A very important issue is the exploitation of the NR, where the views of the local people differ from the rest of the nation. For instance, in Arunachal Pradesh, through which some of the important tributaries of the Brahmaputra river flow, many private as well as public sector players have come forward to generate power from the hydel projects. While the government and the industrial houses are supporting the move, there is a huge section of the people which is opposed to the targeted projects as they consider it “anti-Northeast”, and they feel that proper feasibility studies have not been undertaken. This also is a result of the trust deficit that exists.
The need to train local manpower, gain trust
A big problem plaguing the region is that while there are deficiencies in the provision of infrastructure, setting up institutions of higher learning and research has also been kept at bay by the Centre. Even the ones which are there do not have good staff from the region. Thus there is an inflow of people from outside to man the establishments. Some of them do work sincerely, but most of them take their transfer as punishment posting. As a result, the circle becomes vicious, not virtuous – instead of higher research resulting in more learned people from the region and higher institutional development leading to more economic and social development of the region, there is human resource outflow from the region. Even existing institutions are suffering from lack of good manpower resulting in reluctance in setting up new institutions.
Lack of good manpower has also led to some other issues.

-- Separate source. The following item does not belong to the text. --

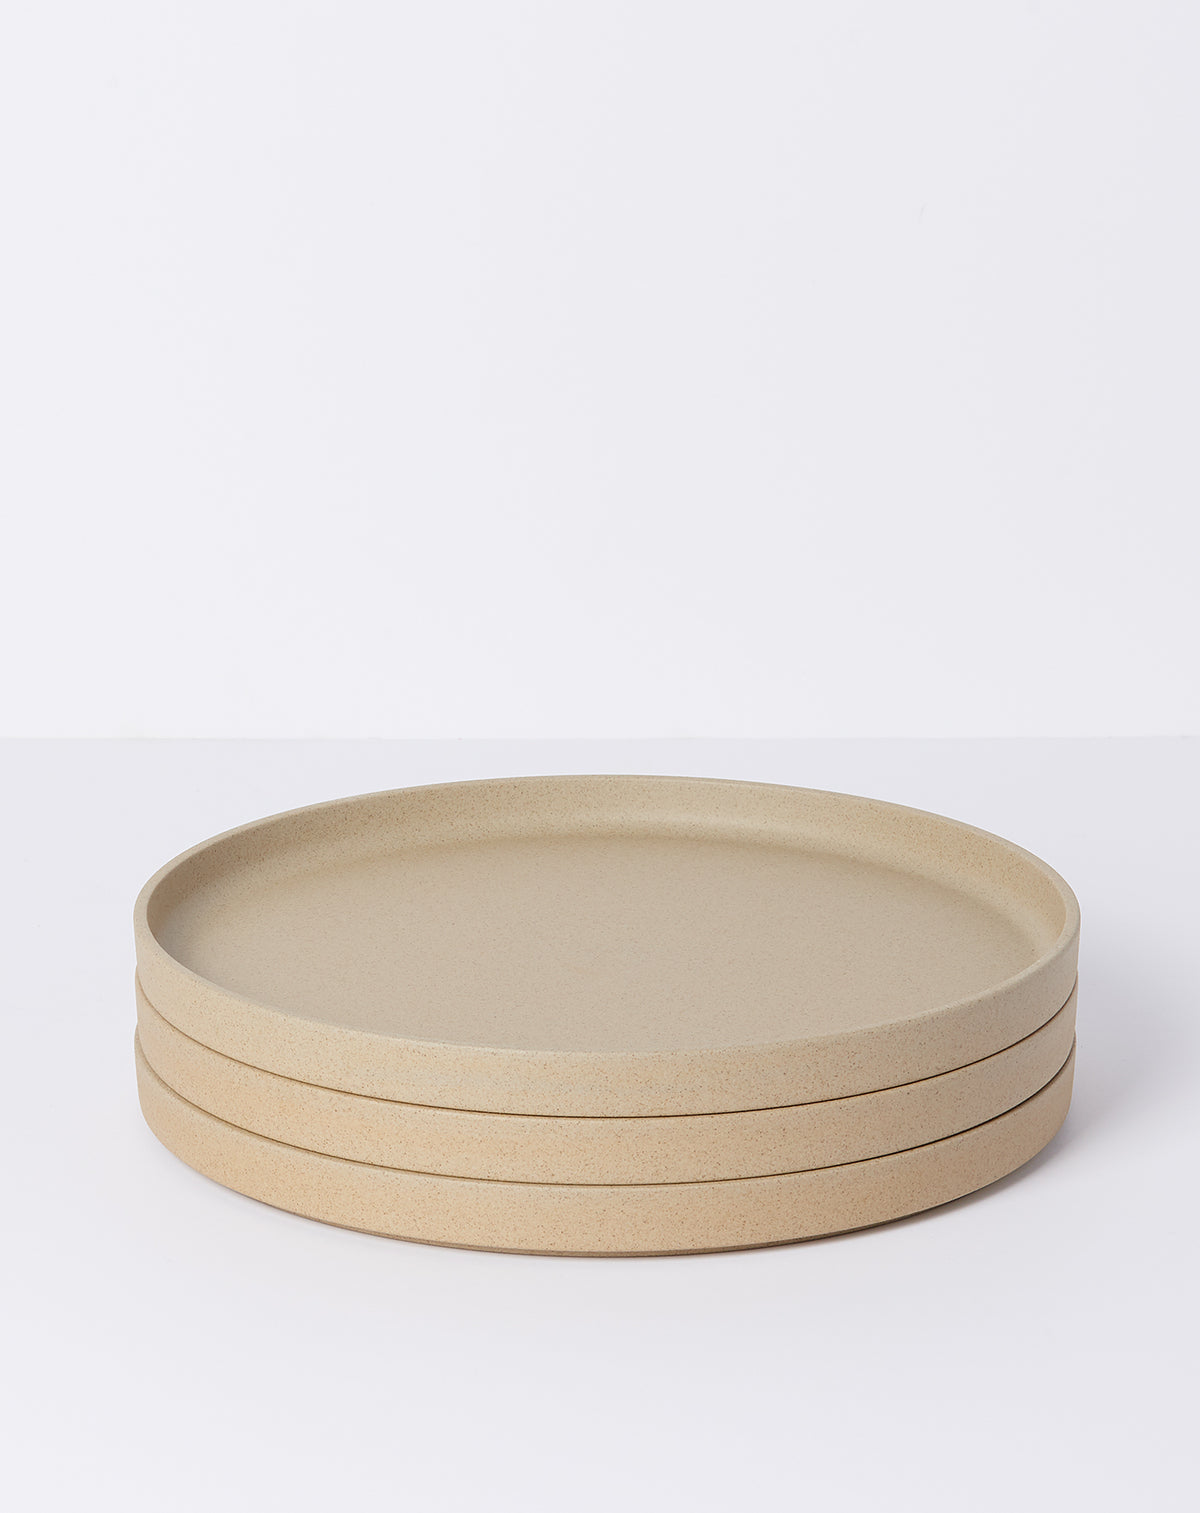 Large Plate in Natural | Hasami Porcelain | Covet + Lou | Covet + Lou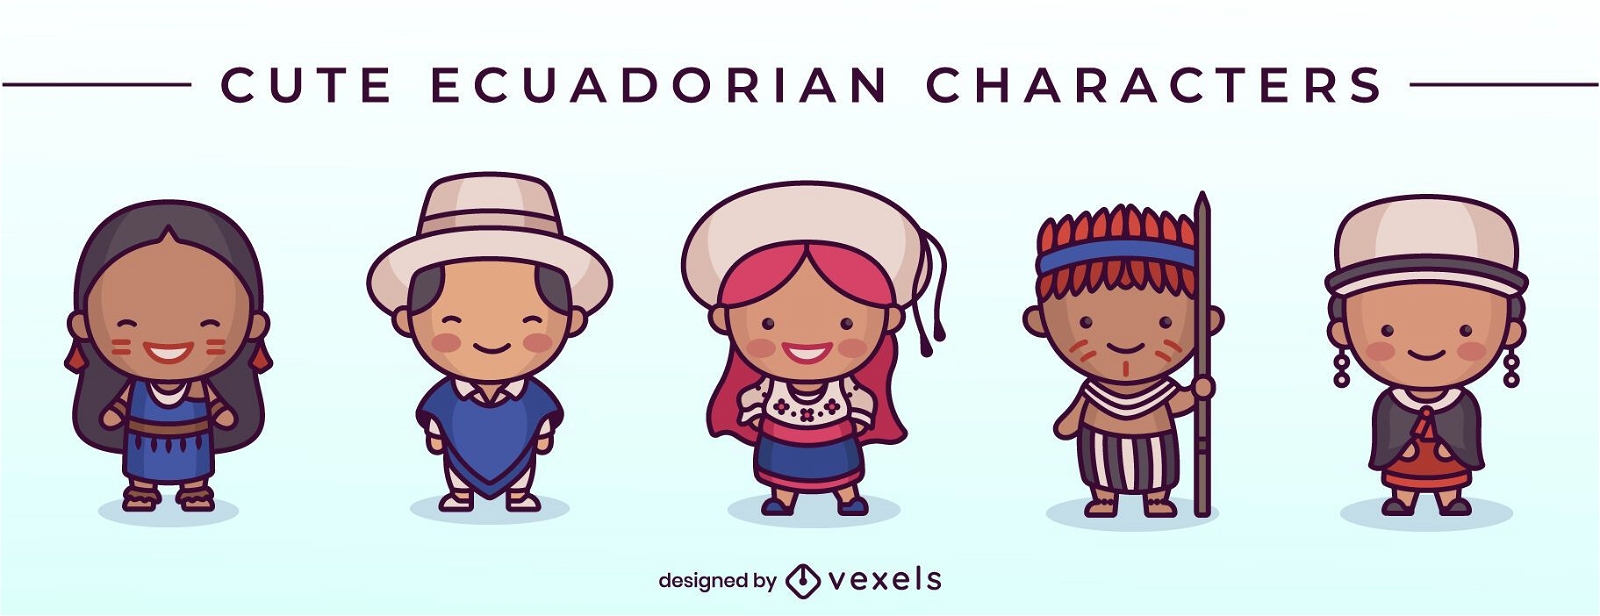 Cute ecuadorian character set

For example, every time there is the question of choosing heads of the existing Public Sector Undertakings (PSUs), the local people demand that a local person should lead. But the Centre more often than not, puts outsiders in charge of the organisation. This offends the local population. These are subjective matters perhaps, but they need to be viewed against the backdrop of the trust deficit referred to earlier. Many a time there appears a clash of interests between the PSUs exploiting the NR, and the local people. In such cases, the decision of the PSUs and who is heading the organisation are discussed, critically usually, by the local leaders. For example, one does understand that for jobs like precision welding, the skill level of the local job seekers may not be comparable to the people from outside. But the local leaders say that unless a local person is hired and trained, how will they learn? And where else can they go? Job opportunities for the unemployed are limited in the NER, while the PSUs have many vacancies.
To get out of the present situation involving the exploitation of the natural wealth of the NER, the trust deficit has to be wiped out. The sincerity of the government at the Centre and in the NE will make a big difference. One would like to see more transparency in decision making. In this region there are many powerful organisations. It is better to invite them for a discussion and take them into confidence. The complaint that there are no local entrepreneurs, is not tenable. Had the bank loans and subsidies been easy for the local candidates, and the infrastructure been of all India standard, the development scenario would have been different. Lastly, the decisions regarding the NER are ‘fair’ and have to be accepted by the people. And let us understand that ‘fairness’ is itself dependent on education, exposure, as well as the level of development of the NE region.